Available records
━━━━━━━━━━━━━━━━━━━━

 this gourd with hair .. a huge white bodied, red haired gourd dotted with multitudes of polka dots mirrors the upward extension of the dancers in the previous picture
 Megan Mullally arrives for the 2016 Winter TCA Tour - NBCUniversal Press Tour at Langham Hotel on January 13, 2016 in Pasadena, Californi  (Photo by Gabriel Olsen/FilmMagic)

━━━━━━━━━━━━━━━━━━━━

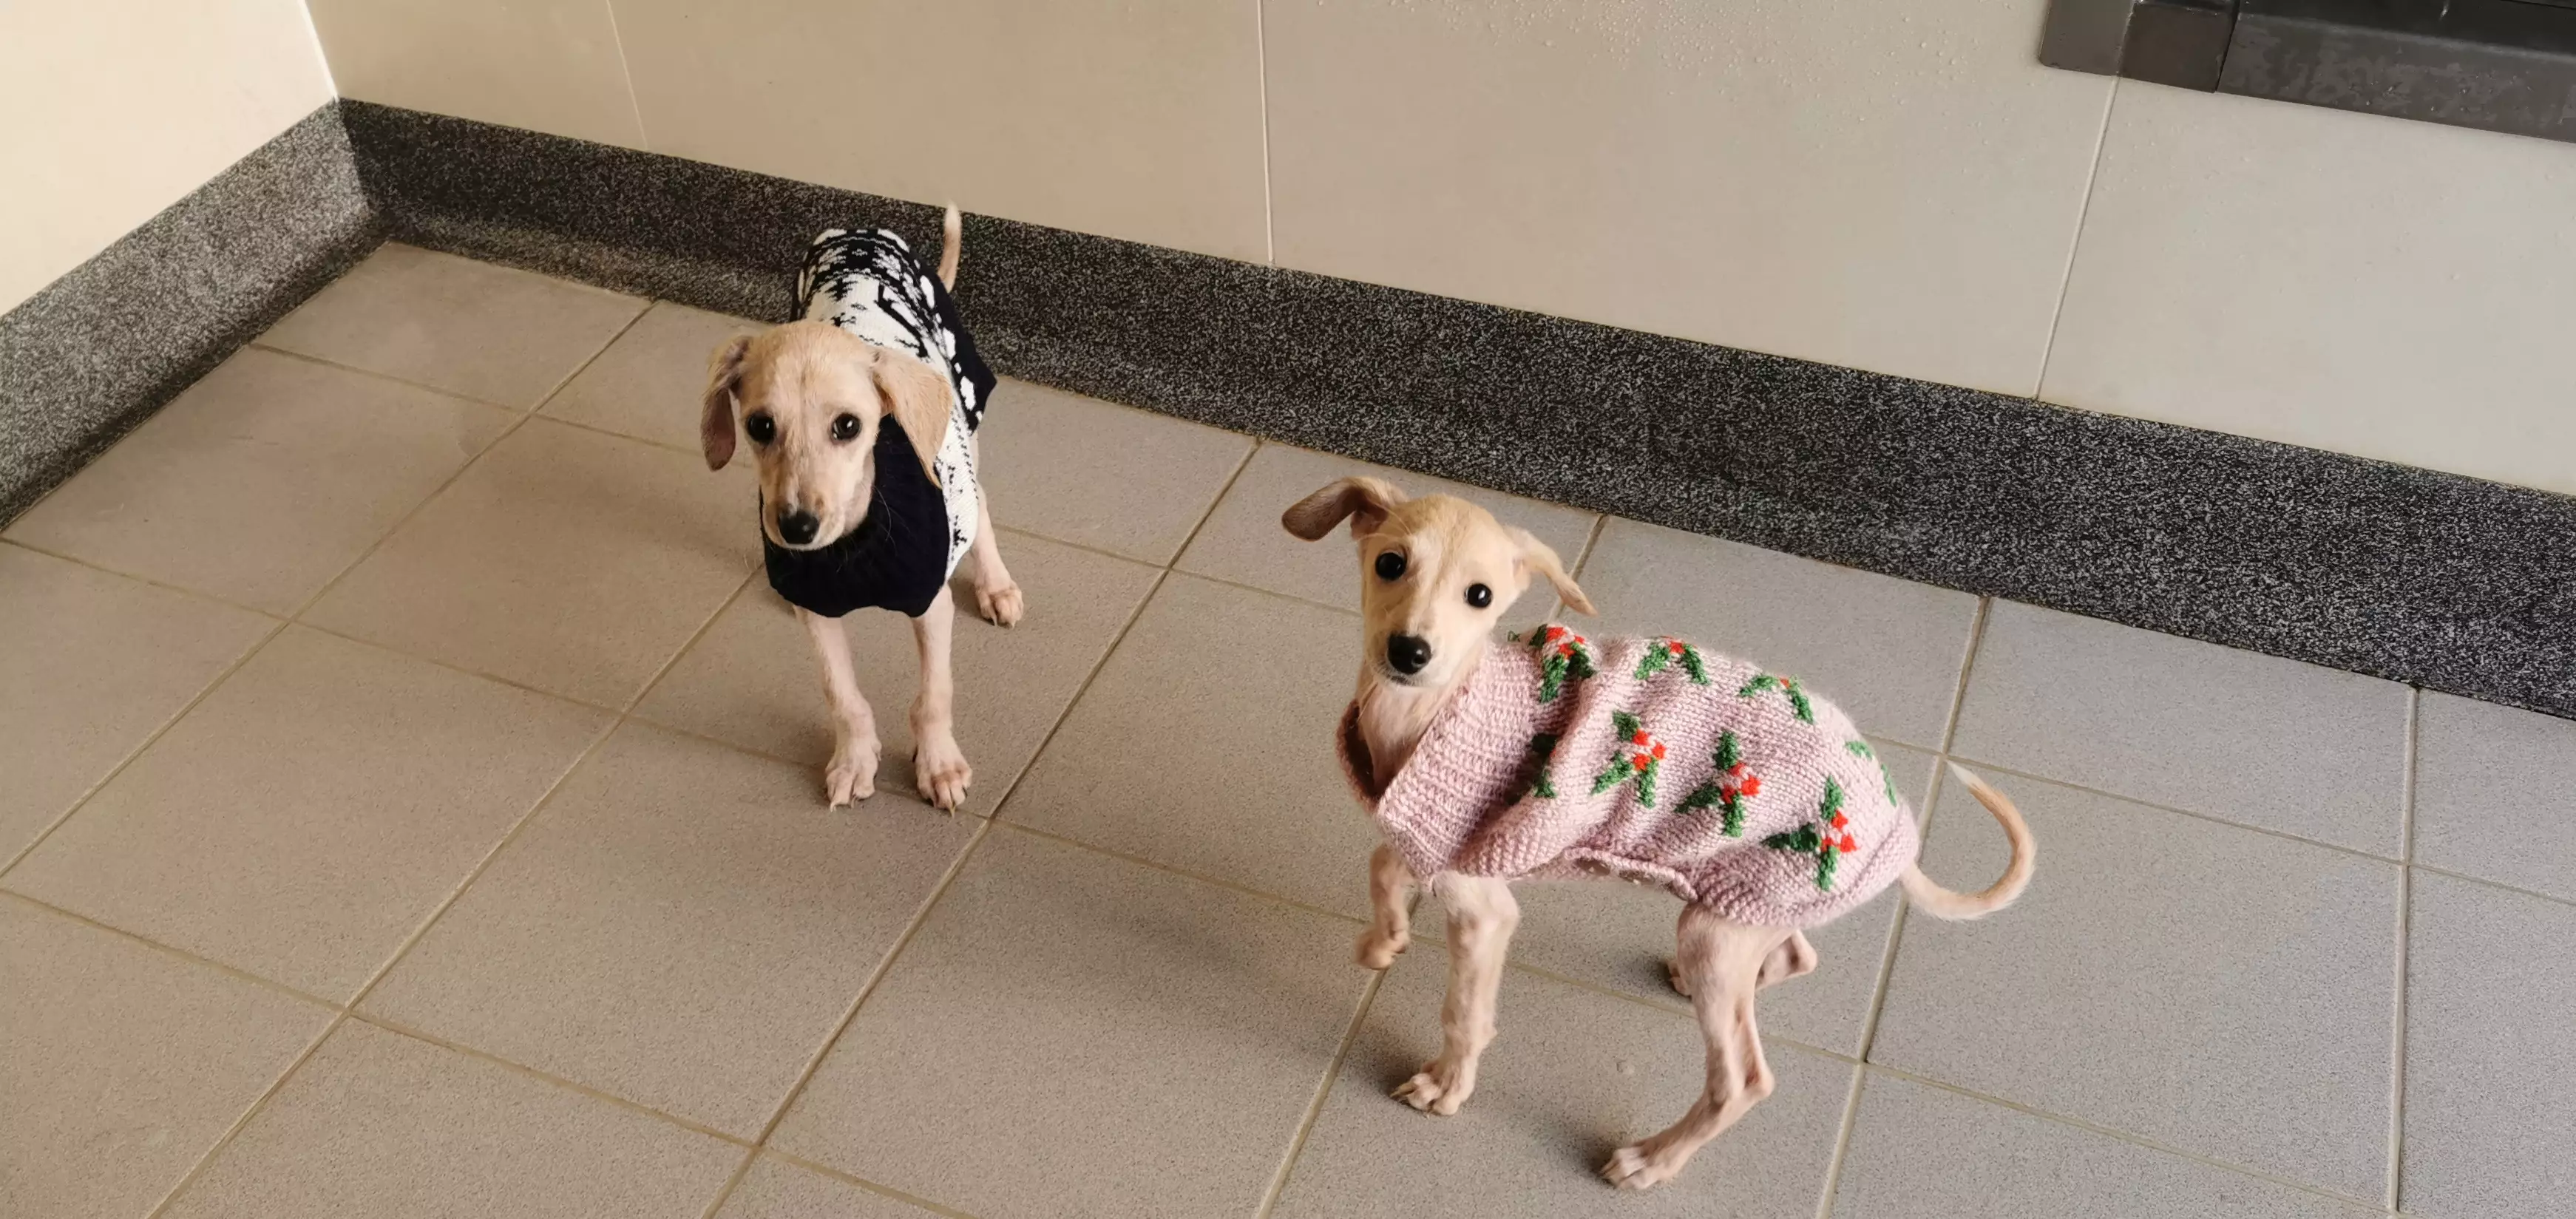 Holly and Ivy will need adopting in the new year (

━━━━━━━━━━━━━━━━━━━━

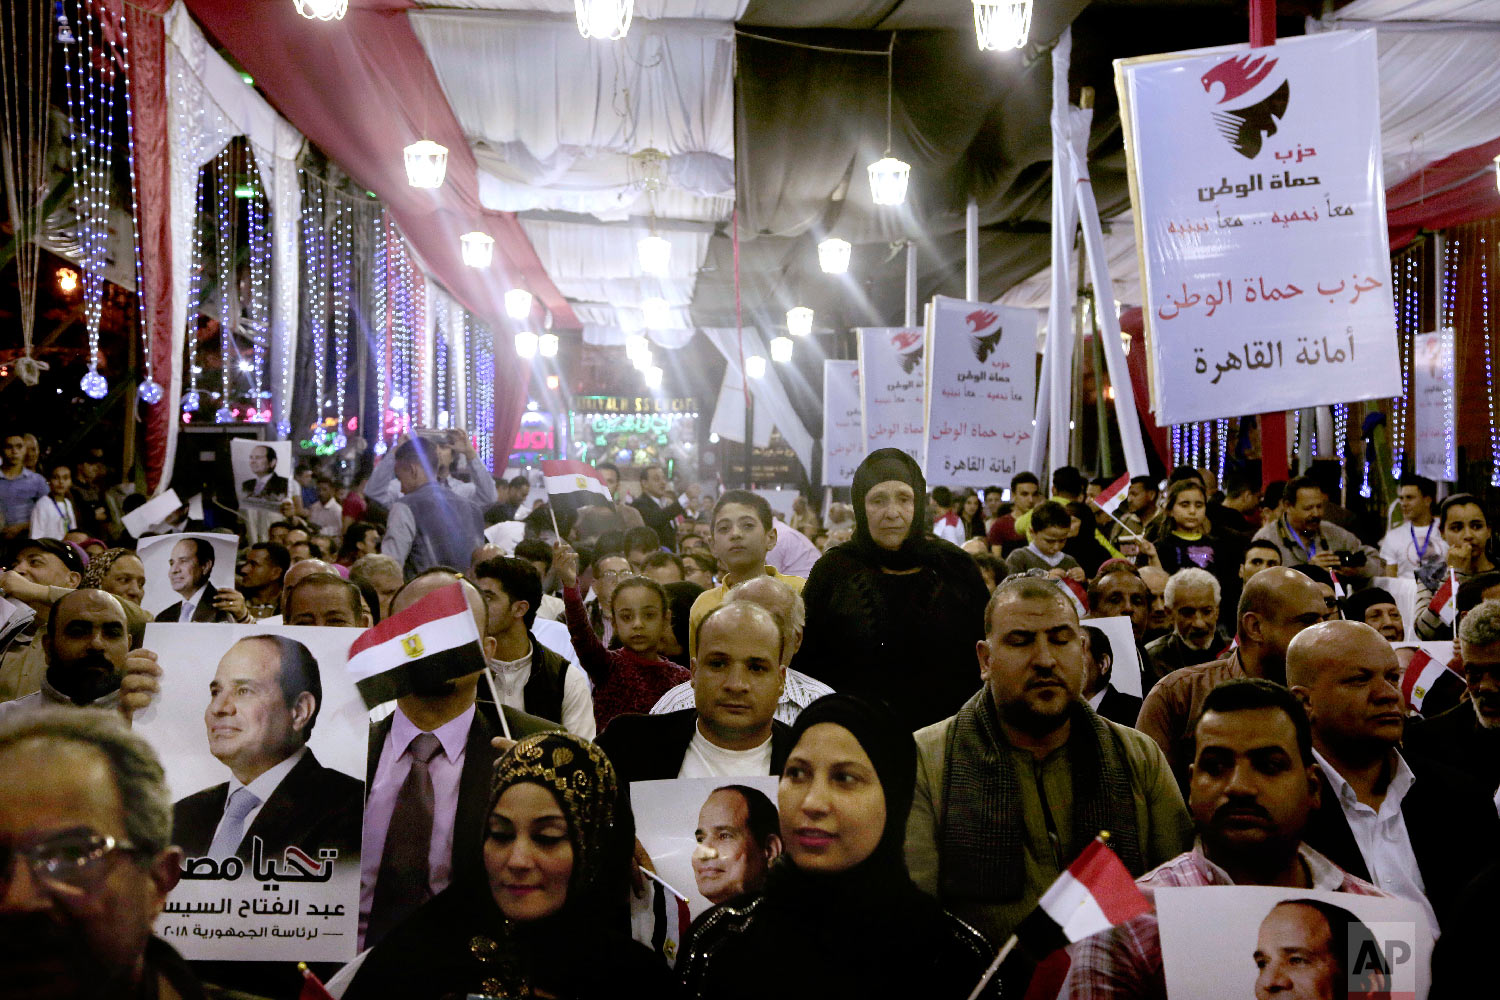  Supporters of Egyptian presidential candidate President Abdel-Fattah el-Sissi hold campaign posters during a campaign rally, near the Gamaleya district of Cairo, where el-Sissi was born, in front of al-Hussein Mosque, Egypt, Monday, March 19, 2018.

━━━━━━━━━━━━━━━━━━━━

Work item
In the listing above, find the line with "this gourd with" and the line with "Megan Mullally arrives", then print exactly those lines and every line between them.

The completed task
 this gourd with hair .. a huge white bodied, red haired gourd dotted with multitudes of polka dots mirrors the upward extension of the dancers in the previous picture
 Megan Mullally arrives for the 2016 Winter TCA Tour - NBCUniversal Press Tour at Langham Hotel on January 13, 2016 in Pasadena, Californi  (Photo by Gabriel Olsen/FilmMagic)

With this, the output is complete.